A comprehensive study of the velocity, momentum and position matrix elements for Bloch states using a local orbital basis

TL;DR

This paper thoroughly examines the velocity operator in crystalline solids using local orbital basis sets, clarifying theoretical ambiguities, and comparing computational approaches to improve the accuracy of physical property evaluations.

Contribution

It provides a unified, rigorous derivation of the velocity operator in local orbital bases, incorporating Berry connection and gauge choices, and compares DFT-based calculations with real-space evaluations.

Findings

Correct expression for velocity operator derived without ambiguous steps

Berry connection's role in velocity operator clarified

Non-local corrections impact momentum-velocity relationship in DFT calculations

Abstract

We present a comprehensive study of the velocity operator, $\hat{\boldsymbol{v}}=\frac{i}{\hbar} [\hat{H},\hat{\boldsymbol{r}}]$, when used in crystalline solids calculations.
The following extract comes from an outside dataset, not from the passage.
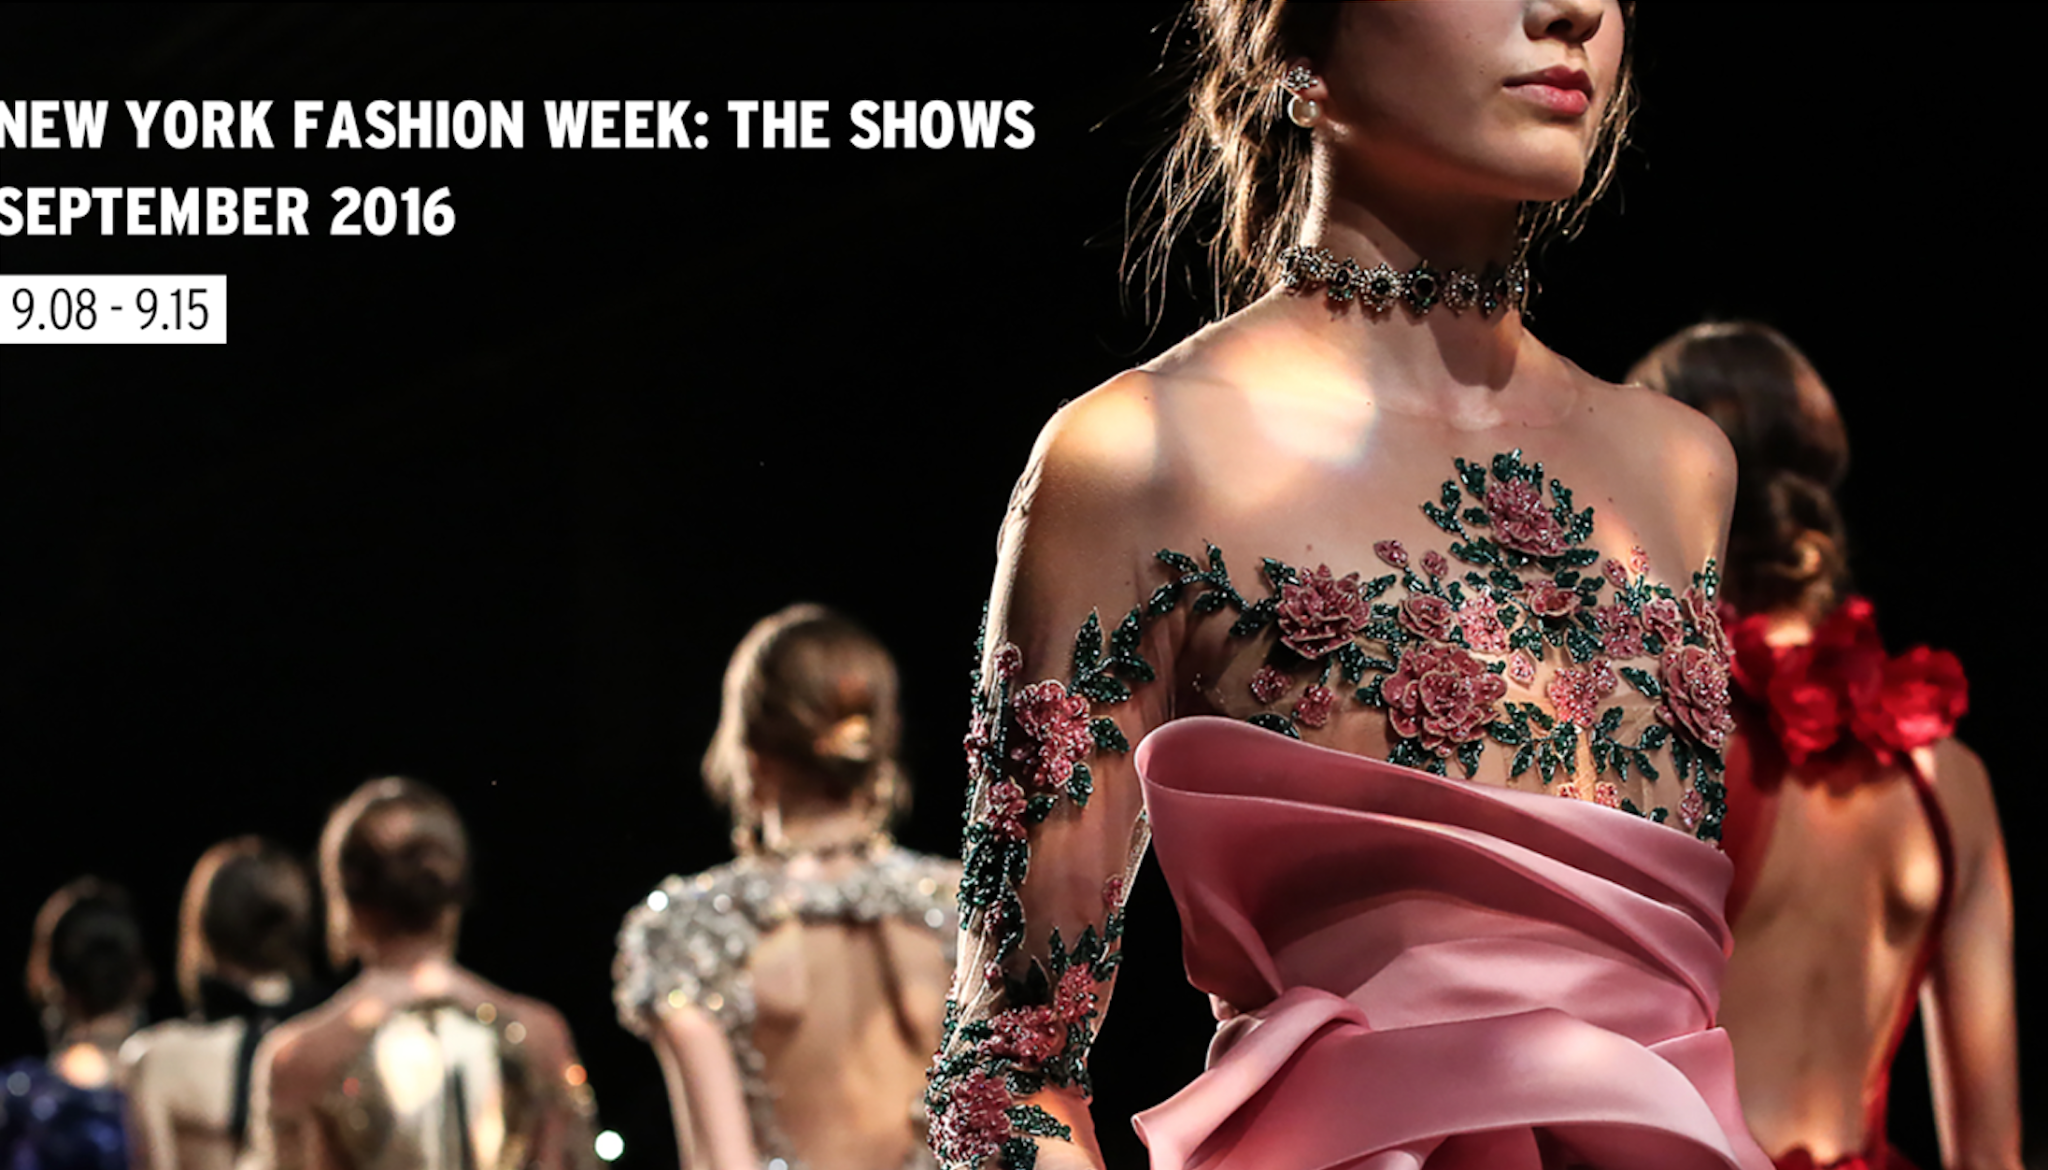 New York Fashion Week Changes Show Venue

The velocity operator is key to the evaluation of a number of physical properties and its computation, both from a practical and fundamental perspective, has been a long-standing debate for decades. Our work summarizes the different approaches found in the literature, connecting them and filling the gaps in the sometimes non-rigorous derivations. In particular we focus on the use of local orbital basis sets where the velocity operator cannot be approximated by the $k$-derivative of the Bloch Hamiltonian matrix. Among other things, we show how the correct expression can be found without unequivocal mathematical steps, how the Berry connection makes its way in this expression, and how to properly deal with the two popular gauge choices that coexist in the literature. Finally, we explore its use in density functional theory calculations by comparing with its real-space evaluation through the identification with the canonical momentum operator. This comparison offers us, in addition, a glimpse of the importance of non-local corrections, which may invalidate the naive momentum-velocity correspondence.